Details
-
Bug
-
Status: Resolved
-
Major
-
Resolution: Fixed
-
4.0.0
Description
AQE can materialize both ShuffleQueryStage and BroadcastQueryStage on the cancellation. This causes unnecessary stage materialization by submitting Shuffle Job and Broadcast Job. Under normal circumstances, if the stage is already non-materialized (a.k.a ShuffleQueryStage.shuffleFuture orĀ BroadcastQueryStage.broadcastFuture is not initialized yet), it should just be skipped without materializing it.

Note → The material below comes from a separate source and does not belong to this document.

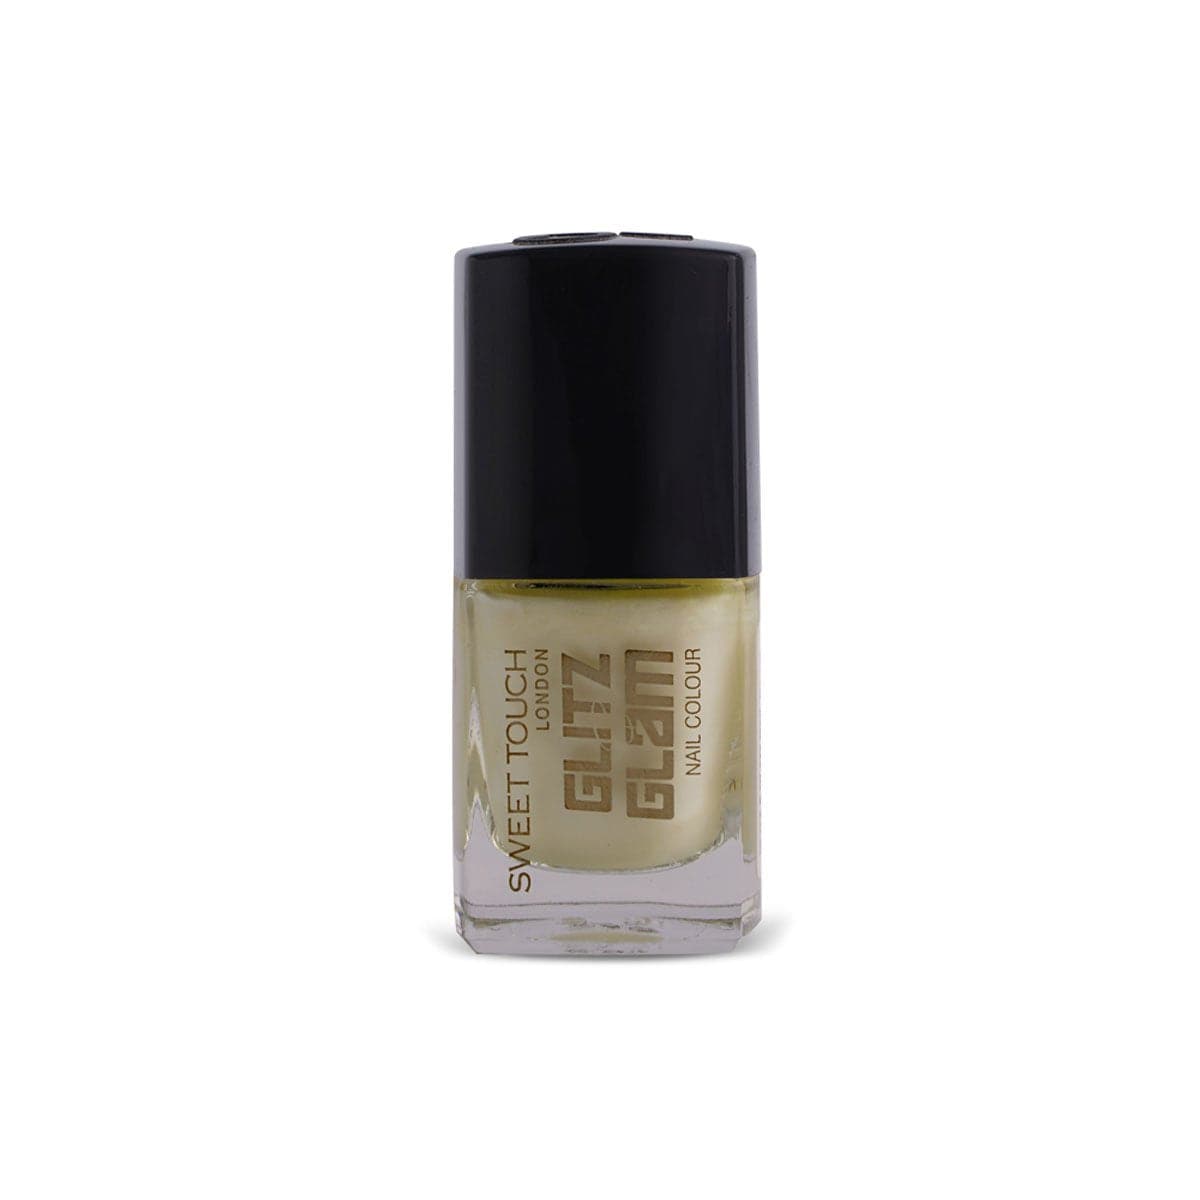 ST London Glitz & Glam Nail Paint - St264 Oister Pearl - Premium Health & Beauty from St London - Just Rs 430.00! Shop now at Cozmetica

Please find sample use-case:
1- Stage Materialization Steps:
When stage materialization is failed:
1.1- ShuffleQueryStage1 - is materialized successfully, 1.2- ShuffleQueryStage2 - materialization is failed, 1.3- ShuffleQueryStage3 - Not materialized yet so ShuffleQueryStage3.shuffleFuture is not initialized yet
2- Stage Cancellation Steps:
2.1- ShuffleQueryStage1 - is canceled due to already materialized, 2.2- ShuffleQueryStage2 - is earlyFailedStage so currently, it is skipped as default by AQE because it could not be materialized, 2.3- ShuffleQueryStage3 - Problem is here: This stage is not materialized yet but currently, it is also tried to cancel and this stage requires to be materialized first.